8月1日に開幕するや否や、同トリエンナーレの一部である企画展「表現の不自由展・その後」の内容に対して抗議が殺到し、同企画展は間もなく公開中止に追い込まれた。さらにトリエンナーレ本体に作品を出展する複数の作家たちが、こうした運営側の対応を批判し、自らの作品の公開差し止めを求めたことで、この芸術イベントは大きな傷を受けると共に、皮肉にもこれまででもっとも世間の注目を集める結果となった。ちなみに「表現の不自由展・その後」の中止に関しては、すでに多様な意見が提起されており、おそらく今後も幅広く議論が続けられることになるだろう。あらためて言うまでもないが、民主主義を標榜する社会において表現の自由、言論の自由は守られなければならない。閉ざされた「表現の不自由展・その後」の展示室(愛知芸術文化センター/撮影日2019年9月26日)
「表現の不自由展・その後」の中止、こうした運営側の対応に反発した作家たちによる同トリエンナーレにおける作品公開取り止めの動きを、マスコミが連日報道したことによって、見どころが失われたかのように思えるが、さにあらず。実際に見学してみると、大量の情報が流通する現代社会のなかで翻弄される我々の姿を、ユーモアやウィットを介して気づかせてくれる良質な作品に出会うことができる。本来、同トリエンナーレを構成する一企画であった「表現の不自由展・その後」に耳目が集まってしまい、「情の時代」というテーマ設定や個々の作品が十分に評価されない状況は残念極まりない。
レニエール・レイバ・ノボ《革命は抽象である》(壁に展示された絵画はインスタレーション作品の一部/抗議として作品を新聞紙[「表現の不自由展・その後」の中止を伝える紙面など]で覆い見えなくしている)2019年(豊田市美術館に展示/撮影日2019年9月27日)

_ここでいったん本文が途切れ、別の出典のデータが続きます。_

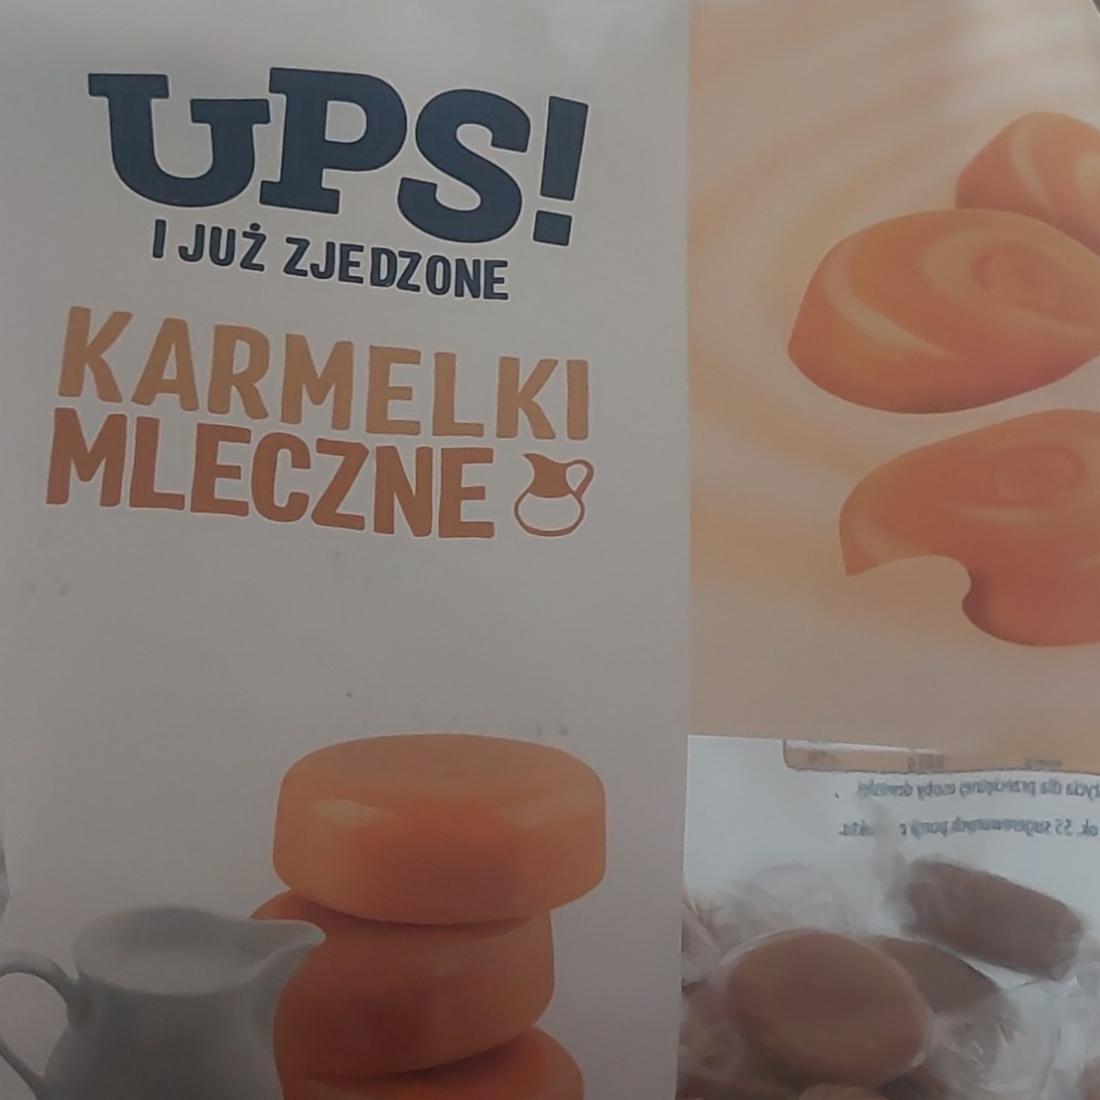 Фото - Karamelki mleczne UPS!

芸術監督の津田大介氏が芸術分野の出身ではなく、ジャーナリストあるいはメディア・アクティビストであることから、同トリエンナーレに展示されている作品は、いわゆる「芸術のための芸術」、すなわち純粋芸術ではなく、社会に潜んだ見えにくい問題を芸術の力によって可視化し考えさせようとする作品が多い。例えば、豊田市美術館に展示されたタリン・サイモンの《隠されているものと見慣れぬものによるアメリカの目録》などである。複数枚の写真で構成された一連の作品には、隔離された場所で人知れず幻想的な青白い光を放つ核廃棄物などの画像が含まれている。また、豊田市の近くにある廃業した老舗料理旅館「喜楽亭」の内部で上映されるホー・ツーニェンの映像インスタレーション《旅館アポリア》(2019年)も、第二次大戦末期に同地から出撃した神風特別攻撃隊の隊員がこの料理旅館を利用したという事実を基に構成されている。それぞれの土地のもつ一般的には忘れさられた歴史を作品観賞者に提起するという点で、我々の目を見えにくい問題に向けさせる作品と言えよう。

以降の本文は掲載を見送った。